Well, it is time to consider the autonomous features of Python language over R language.
Python programming language has a lot of common characteristics that of R language. The functions that include data wrangling, feature selection web scraping, and so on are quite identical to the functions and attributes of R.
The beauty of Python can be felt when it is implemented in working with machine learning projects that show a practical solution to the problem statements. Python is widely implemented as its code is easier to maintain and also in fact stronger than the R language's code.

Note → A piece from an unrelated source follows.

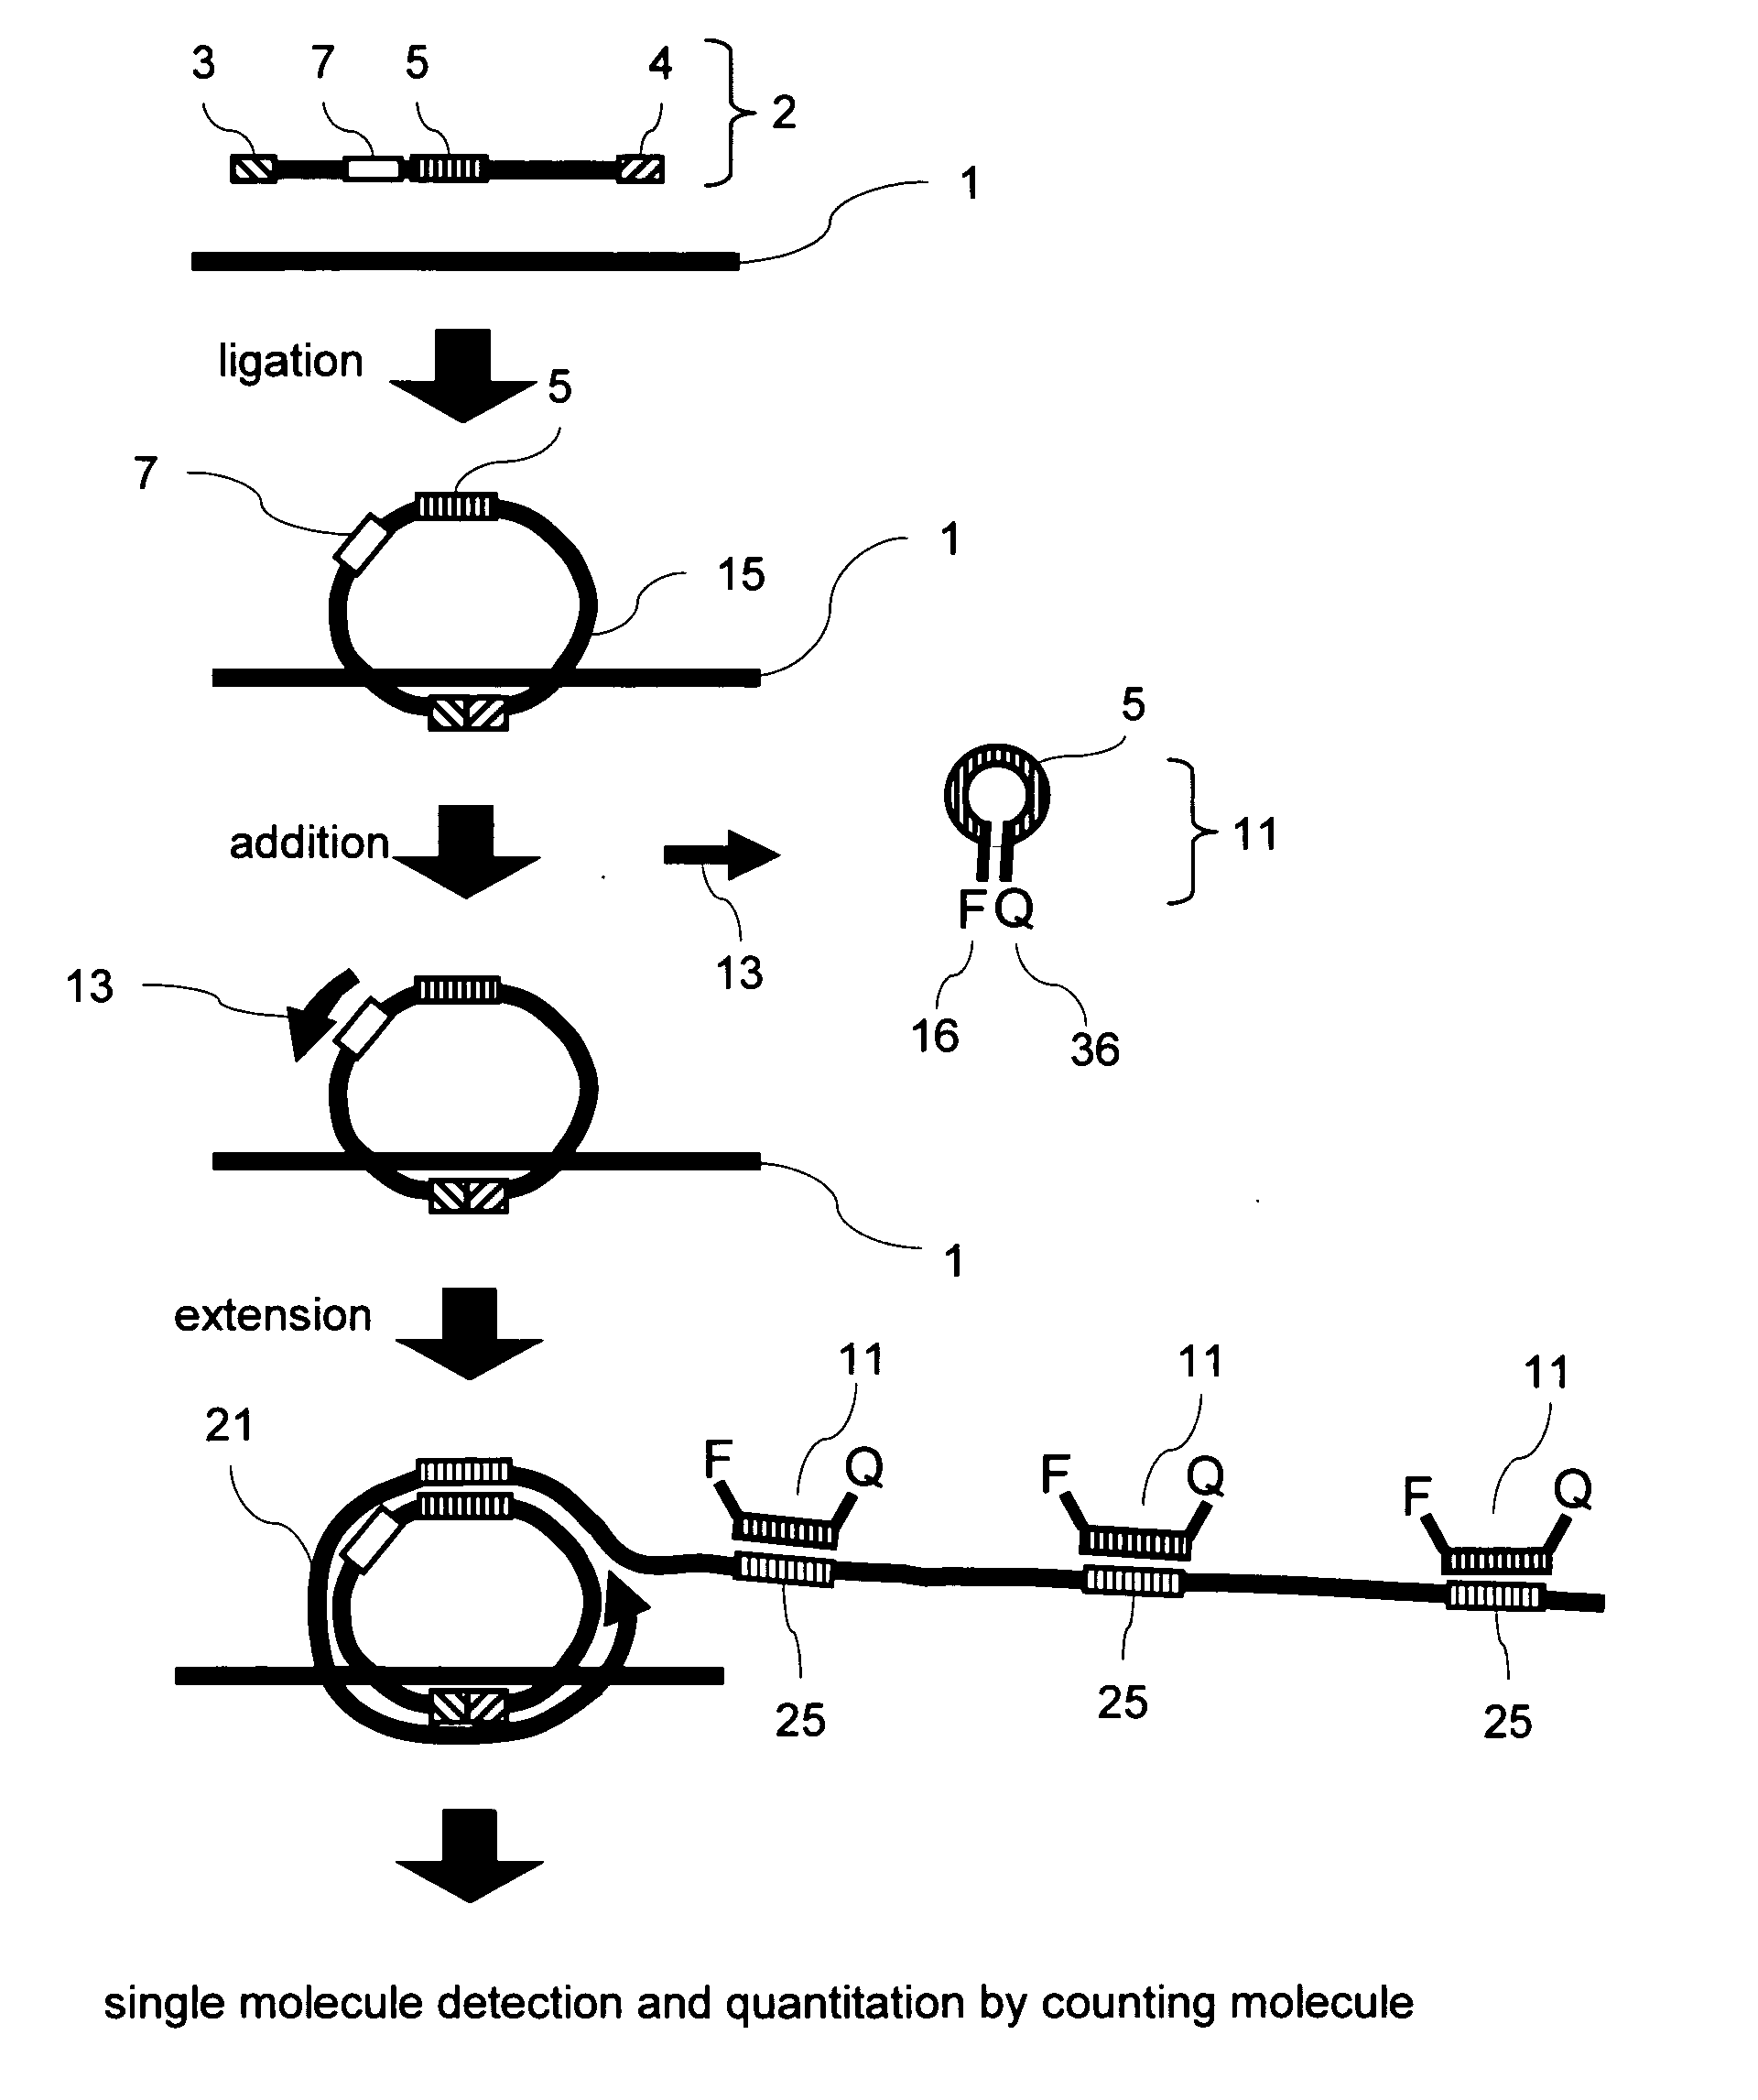 Methods of nucleic acid analysis by single molecule detection

The history of Python doesn't include graphical methods or functions in it unlike that of R language. Whereas the recent improvements in the Python language have bought many remarkable changes in the libraries and the functions in it. There are five most significant Python libraries in the Python language that are executed in the Machine Learning projects. They are:
- Pandas
- Numpy
- Scipy
- Seaborn
- Scikit-learn
Python programming is quite manageable in real-time examples. Also, Python gives prominence to code readability and productivity too. The beginners are quite educated or guided to learn the Python language than the R language.
One must note that Python is the high-level language that is majorly accepted and used in programming the crucial code for the problem statements. The positive side of Python language is the code written using Python will get executed fast compared to the R language code. The length of the Python code can be reduced to a greater extent thus improving the execution time.
The earlier context appreciated the R language for its libraries and functions that make Data Analysis easier. Now, when we consider the same aspect with the Python language it is notable that the previous versions didn't consist of the data analysis packages. As time passed by, the later versions of Python included special packages like Numpy and Pandas for data analytics. Now the above two packages are ruling the automation world.
The raw data must be analyzed and then represented in infographics for better understanding. Coming to the Python programming language, it has numerous libraries that can be used for better visualization. The visualizations play a major role in choosing the software for data analysis. Python comprises advanced visualization libraries and also they are quite complex too. Even though the Python programming language possesses advanced libraries and other functions, they are not in line with the R language libraries. This is because the R libraries and functions are more advanced and its graphical capability is much more than that of the Python libraries. So in this case, the R wins more majority when it comes to graphical visualization techniques.
Python language is more flexible in building the lex code than the R language code.
The above features of both R and Python language vary significantly. Yet their need and usage depend on the problem statement and the skills of the programmer.